2. Over at Black Gate, Tina Jens discusses a revised character sheet to help you really get to know your characters in detail.

3. Lydia Schoch discusses The Seven Deadly Sins Of Writing, which are also worth thinking about in terms of their corresponding virtues.

For myself, I've been spending a lot of time cogitating on opening lines and opening scenes, and what kind of promises they make to my readers. I'm thinking specifically in terms of the projects that I'm working on (in no small part because one of the projects continues to frustrate me on precisely these grounds: I can't seem to find a satisfactory jump-off point).

Taking my cue from the Jennifer Crusie article above, I think my premise looks something like this:
A member of the City Watch joins forces with a renegade outlander to try to break the curse that has plunged the city into darkness, plagues, and monsters.

So my current options for opening lines look something like this:
  • Somber made his escape well before dawn on the last day of the harvest festival, when everyone by rights should have been asleep.
  • Maija had been drinking steadily for two hours when the disaster began.
  • Somber hadn't intended to do anything other than get out of the city as quickly as possible, but the boy's arm was broken and there was nobody else around.
  • Maija took three long swallows of her drink, then settled back on the bench. It was the last night of Harvest, and she was with her friends in their favorite restaurant, out on the balcony that overlooked the square. Alcohol, food, and good company were finally conspiring to help her relax.
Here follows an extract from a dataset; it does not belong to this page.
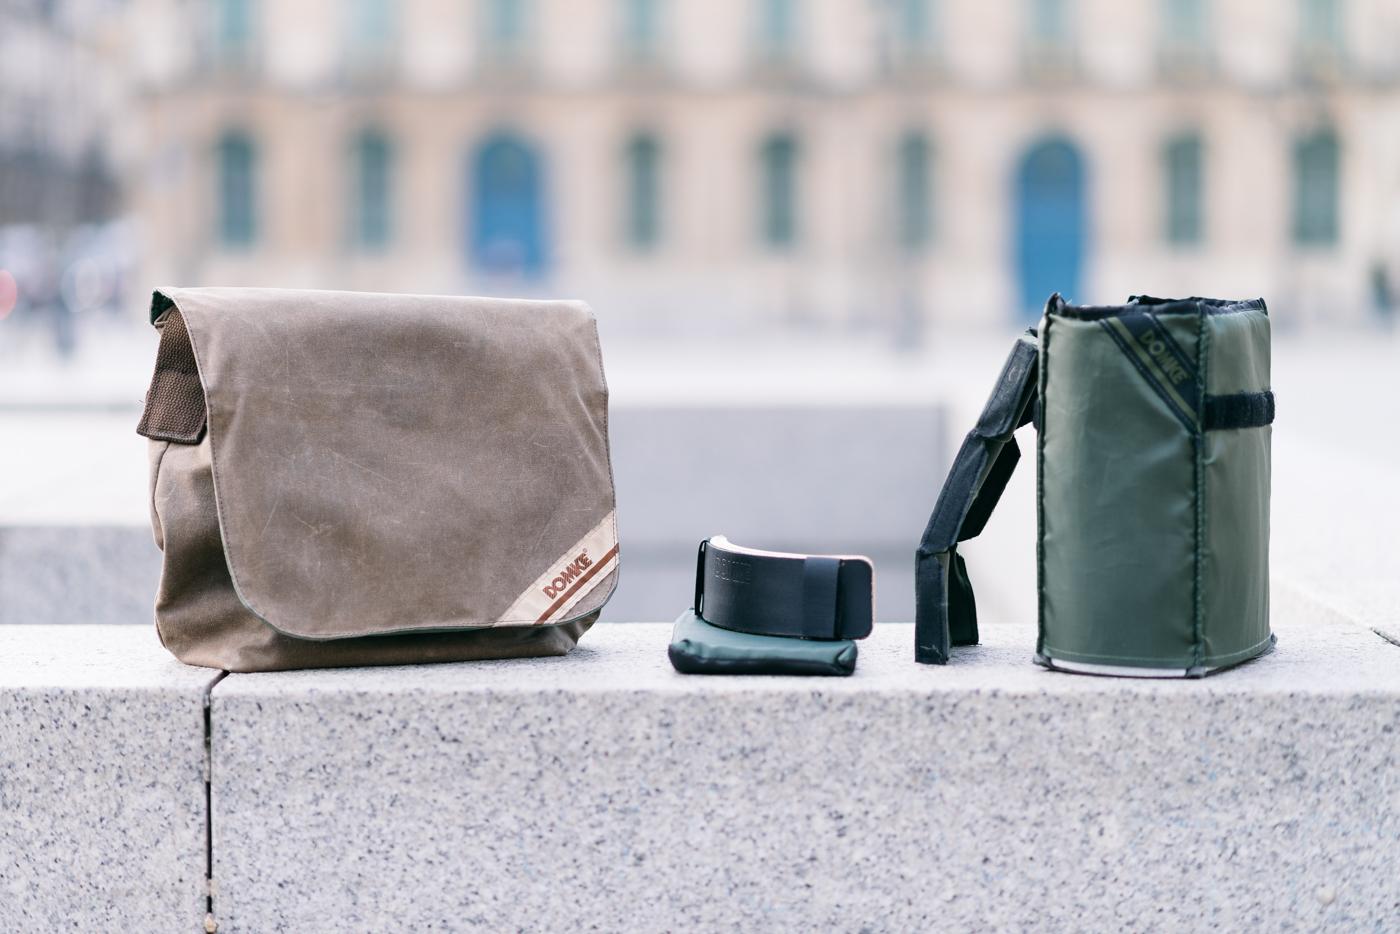 Le sac, le renfort de fond, l'insert ainsi que son séparateur et le renfort d'épaule (optionnel)

Those are four different approaches, starting with two different characters (Maija is the Warden of the City Watch, Somber is the renegade outlander) and building from very different aspects of their personalities and situations. They offer different access points to the story. They make different promises to the reader. They set different expectations.

I think it's time to pick one, and go with it.
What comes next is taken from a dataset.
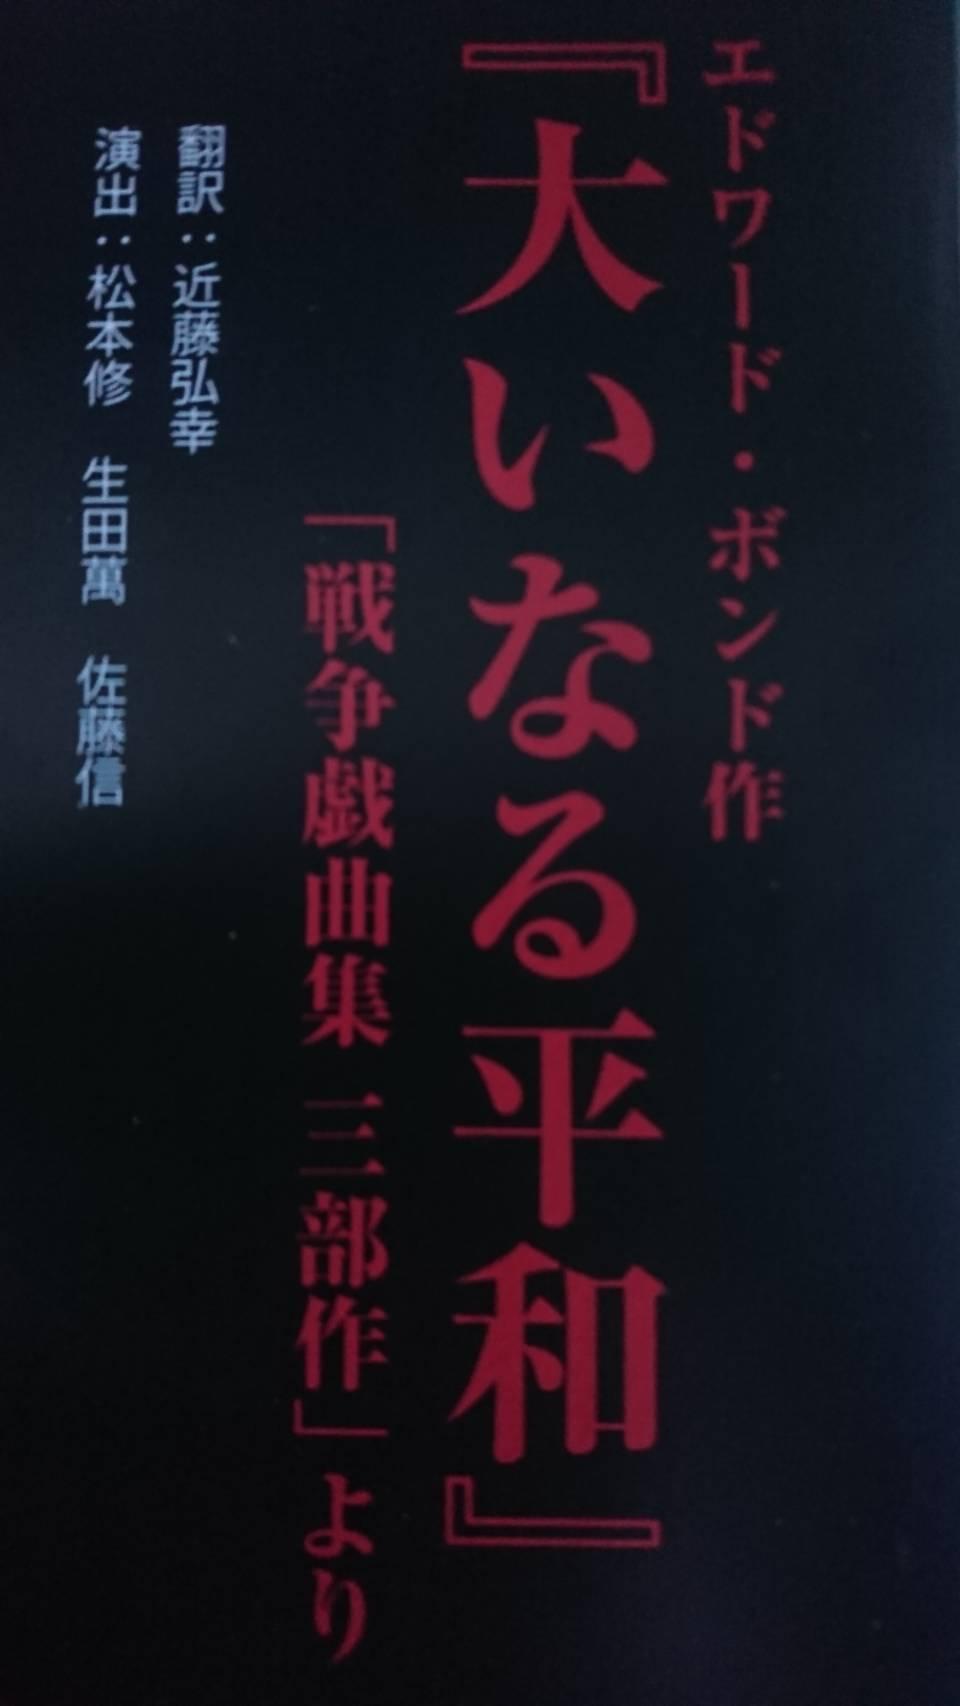 http://karazemi.com/blog/yonezawa1.jpg

...And I think I'd like to write out a setup like this for at least one other current project, maybe two.


  1. Thanks for the mention. :)

    Which one of those opening lines appeals the most to you?

    All of them have their merits, but I liked the little twist at the end of "Maija had been drinking steadily for two hours when the disaster began." You don't normally expect the main character to be thrown into a disaster when they're drunk.
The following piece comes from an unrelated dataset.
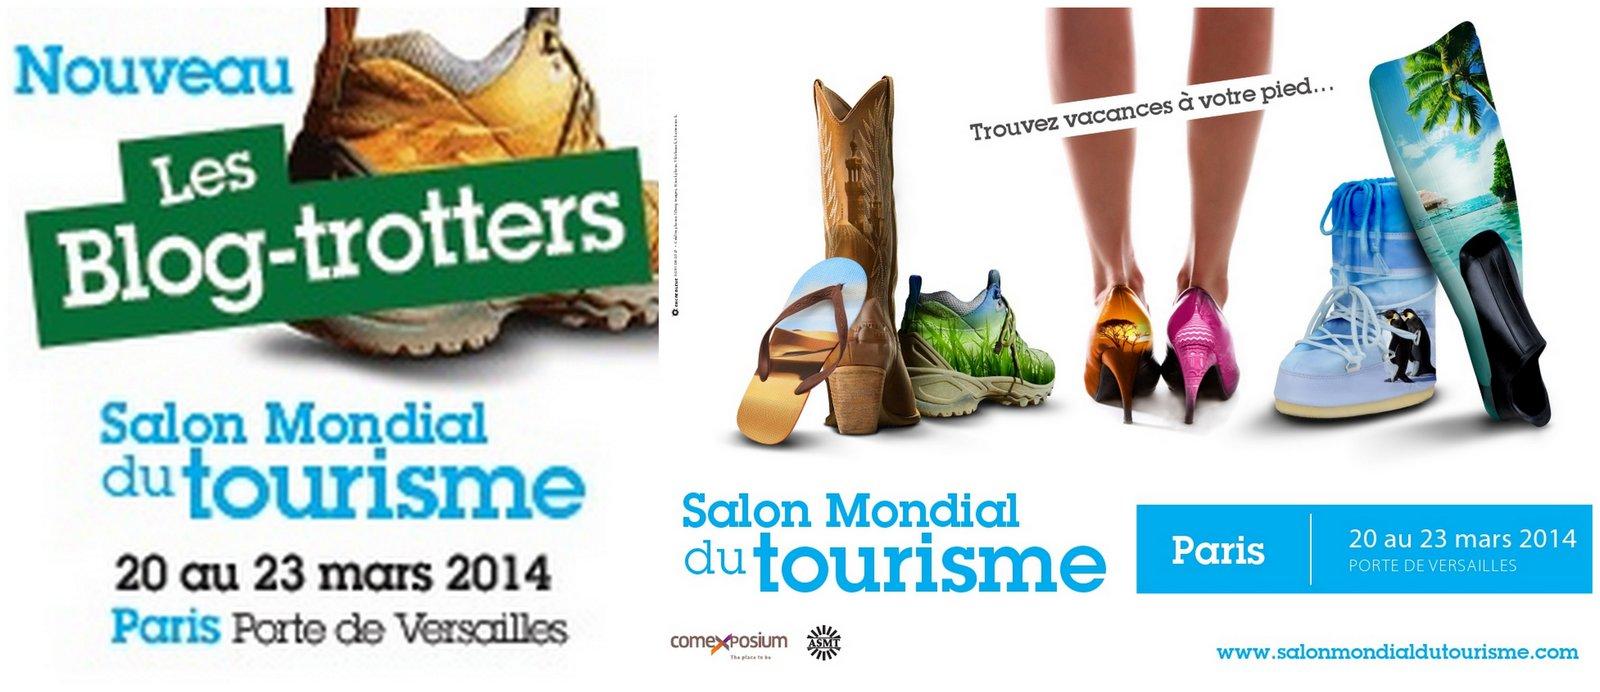 Rendez vous au salon mondial du tourisme paris - Salon tourisme belgique ...

  2. I've often considered using a GURPS character sheet as a way of outlining characters. It allows for much more detail than a D&D based system, but the one at Blackgate looks more detailed than that. I think I'd borrow one thing from the World of Darkness though: Nature/Demeanor. One's nature is pretty much a summation of core identity while demeanor is all about the mask one presents to the world. They can be very different.

    1. I do really love the GURPS character creation system, but you're right that nature/demeanor is actually a really good jump-off point; once you have that, you can fill in everything else, and for a minor character it may be all you need.